WHAT YOU SHOULD DO
Please return only the lines from the one with "Desktop Wallpaper Earth From Space" through the final line of the data, unchanged, with pictures omitted.

INFORMATION PROVIDED
=-=-=-=-=

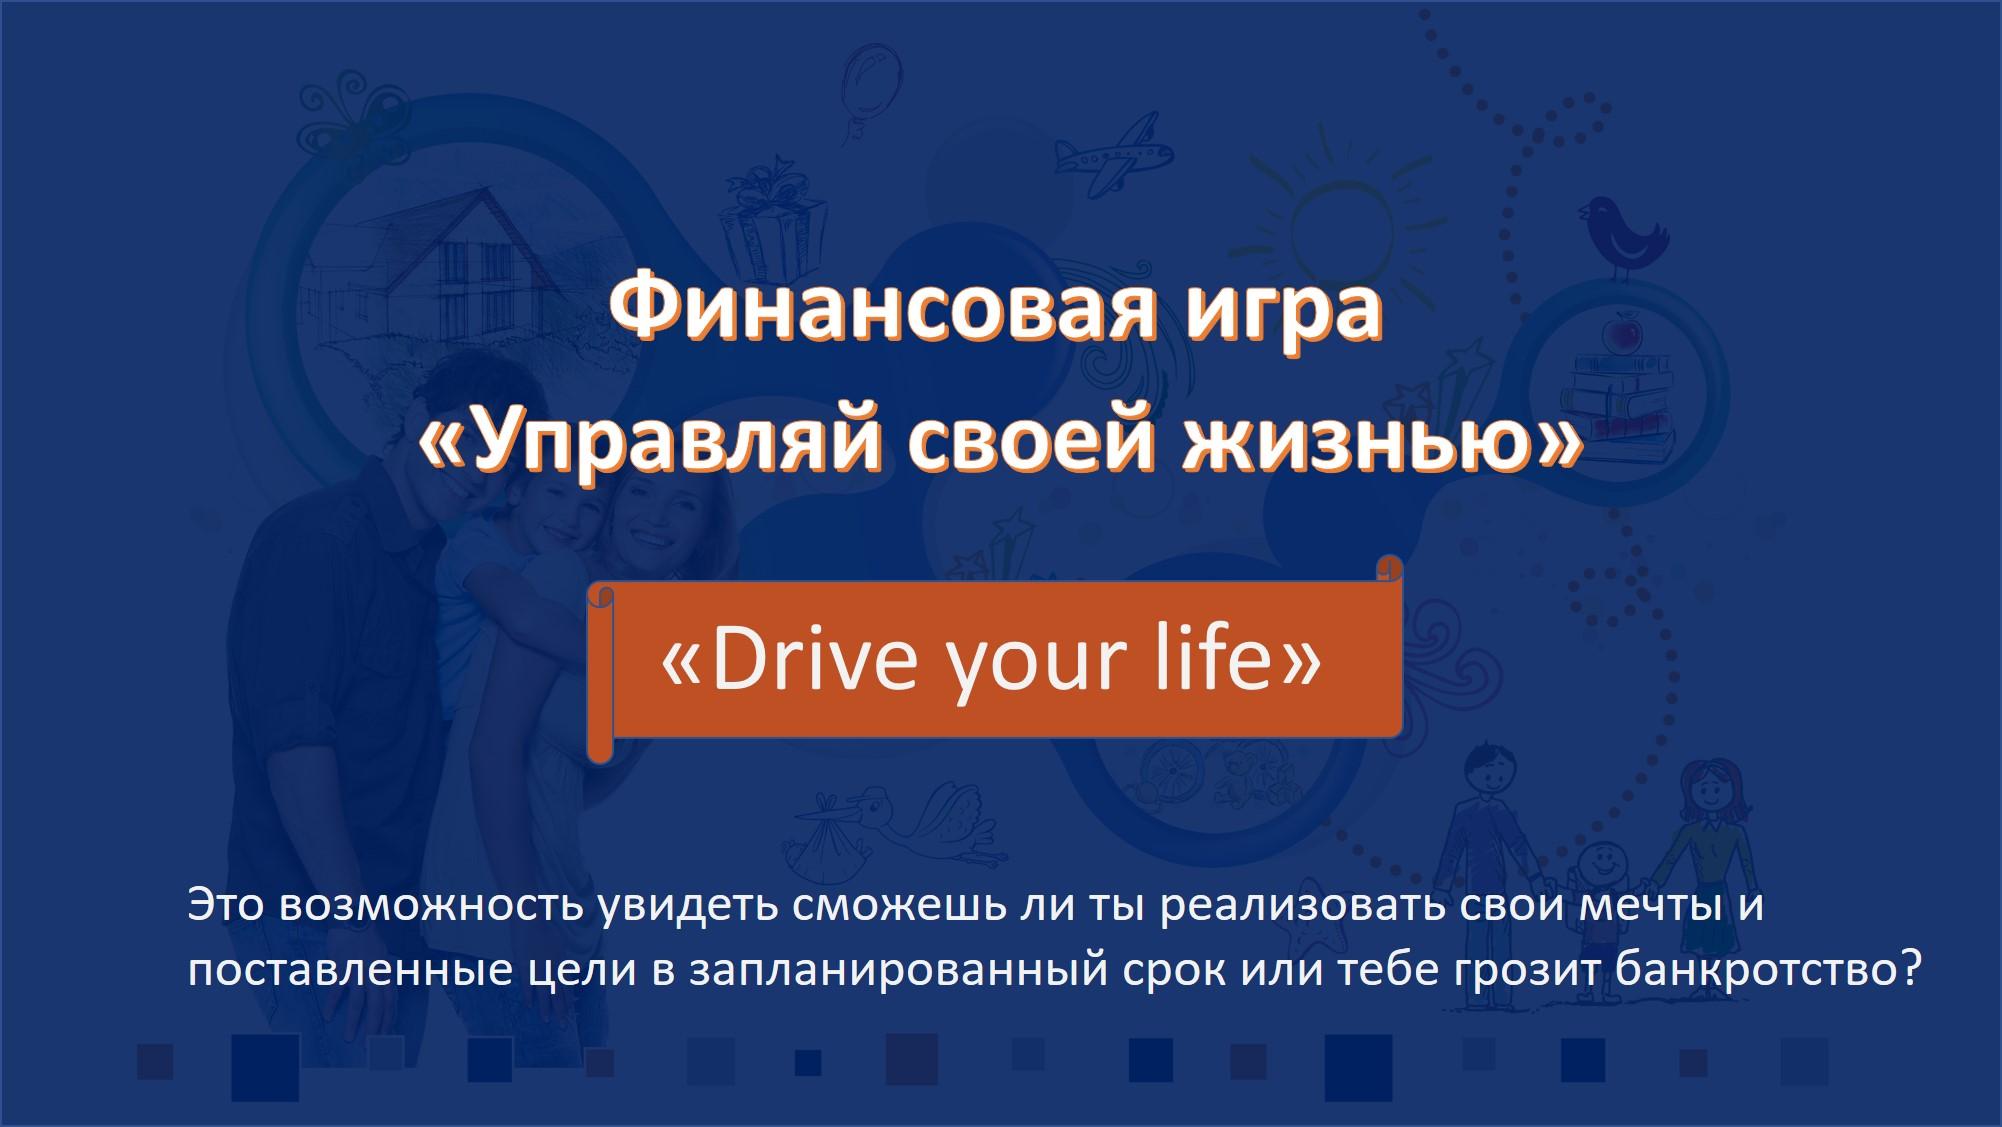 Финансово-познавательная игра  «Drive four life» Управляй своей жизнью
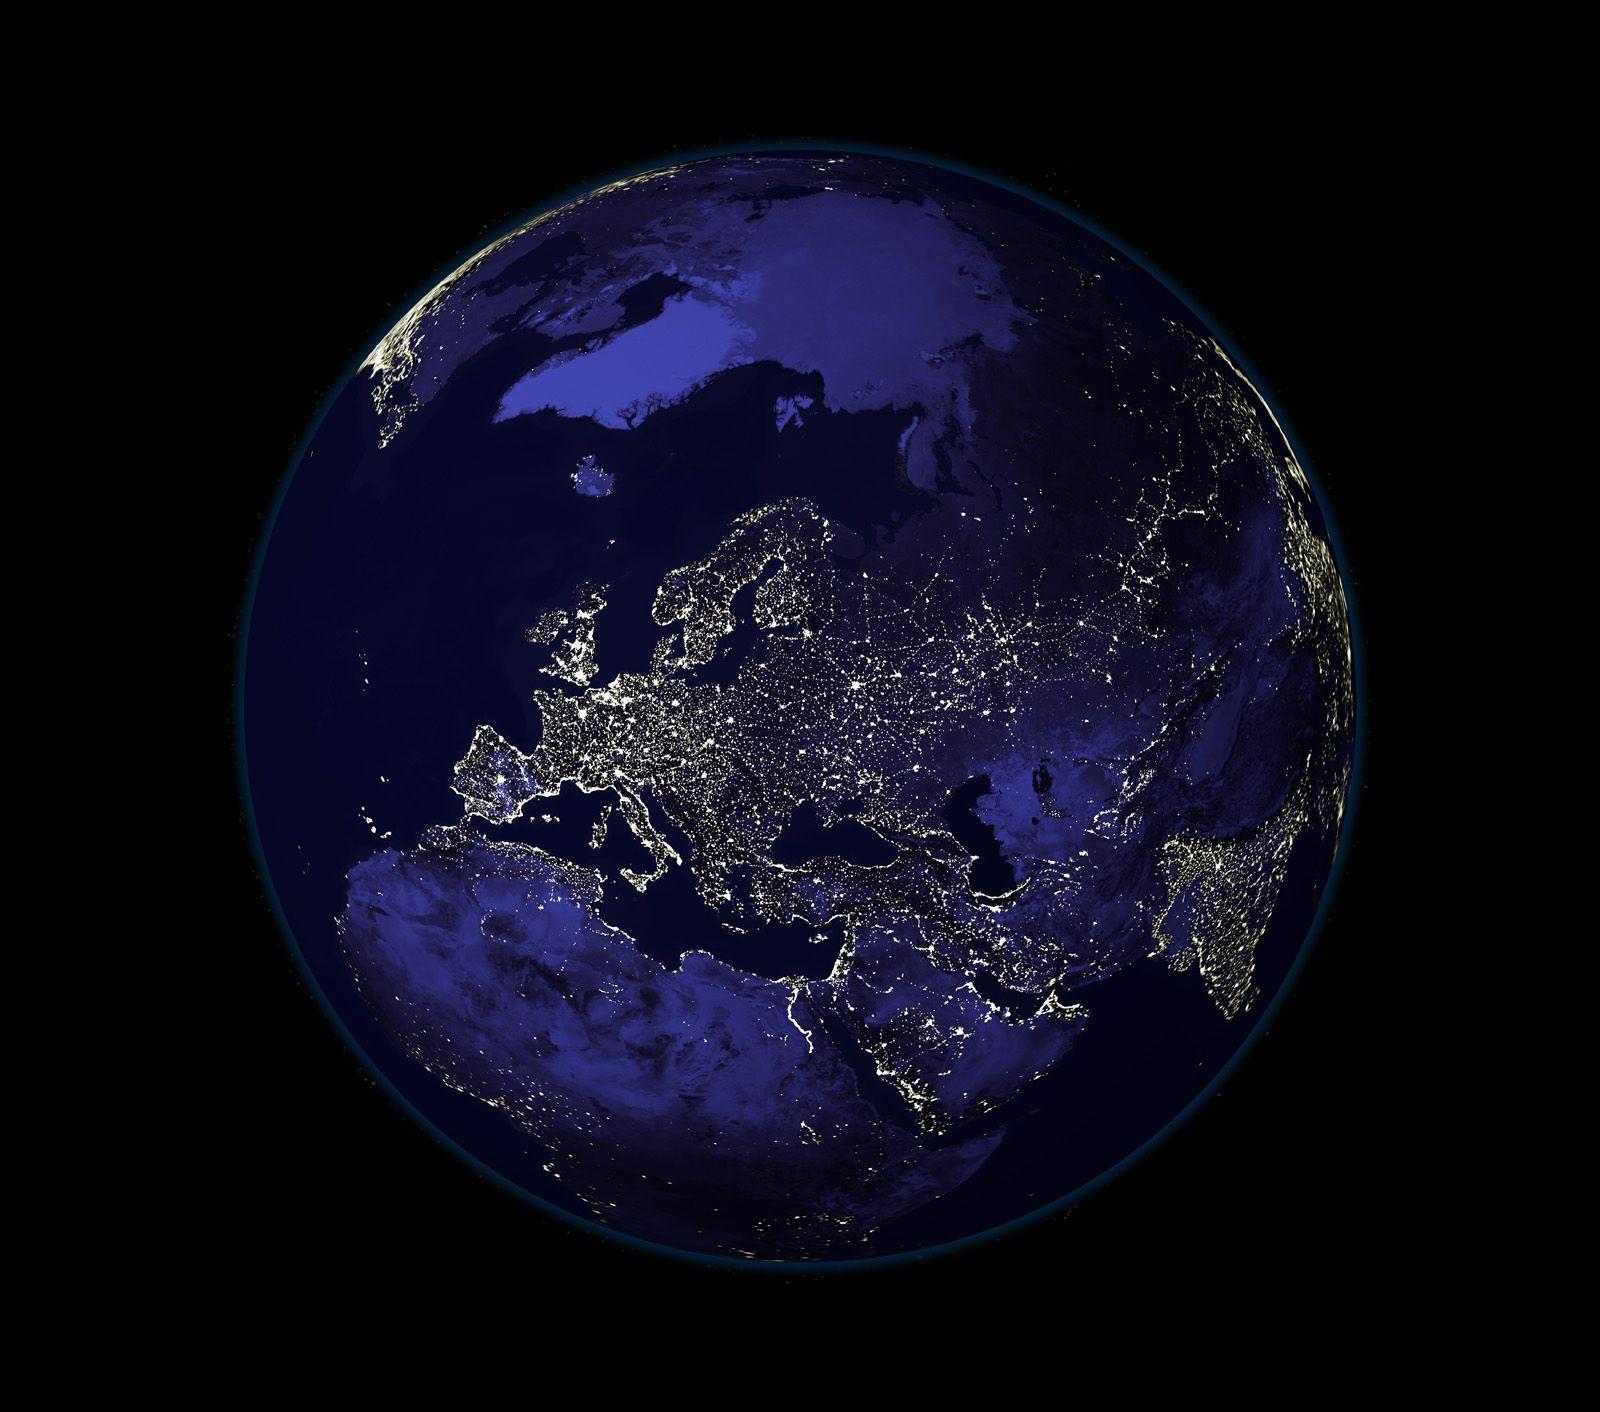 Desktop Wallpaper Earth From Space
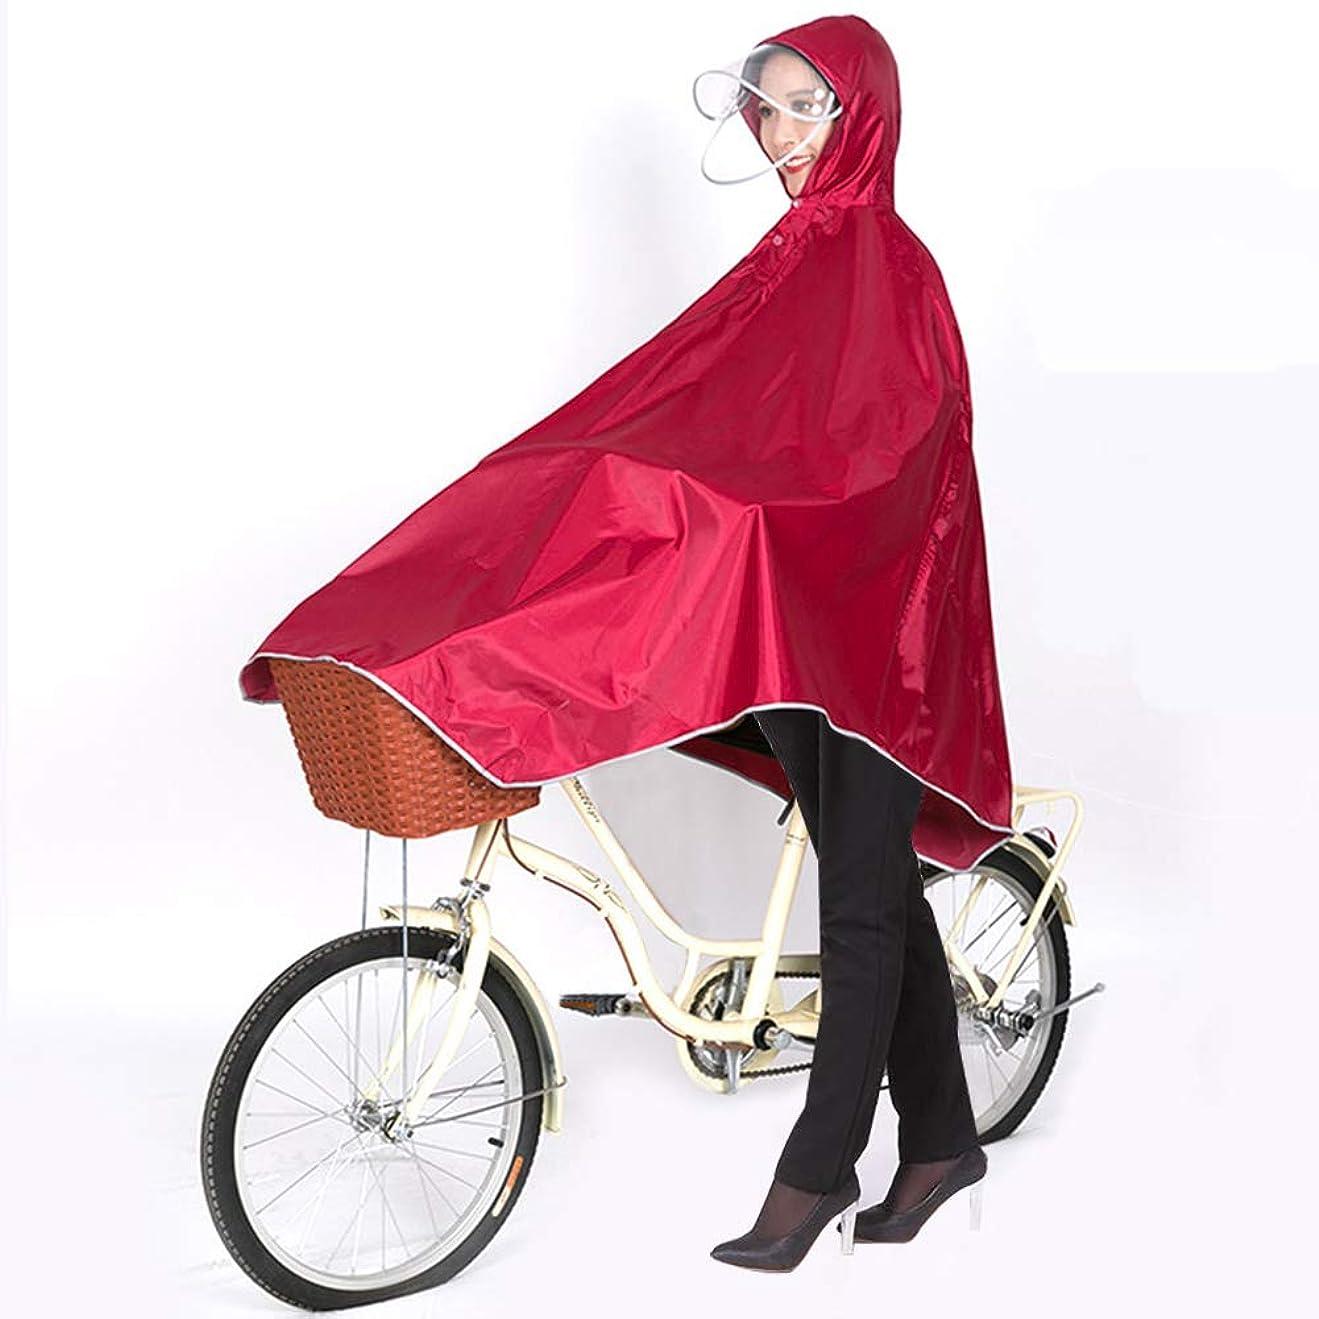 核すべて海軍zanyeing レインコート ポンチョ 男女兼用 レインウェア 自転車 雨具 ロング レインスーツ 大きいサイズ 帽子 リュック対応体重 バイク レインコート アウトドア 防水 軽量 通学 通勤に対応 フリーサイズ

=-=-=-=-=

THE ANSWER
 Desktop Wallpaper Earth From Space
 核すべて海軍zanyeing レインコート ポンチョ 男女兼用 レインウェア 自転車 雨具 ロング レインスーツ 大きいサイズ 帽子 リュック対応体重 バイク レインコート アウトドア 防水 軽量 通学 通勤に対応 フリーサイズ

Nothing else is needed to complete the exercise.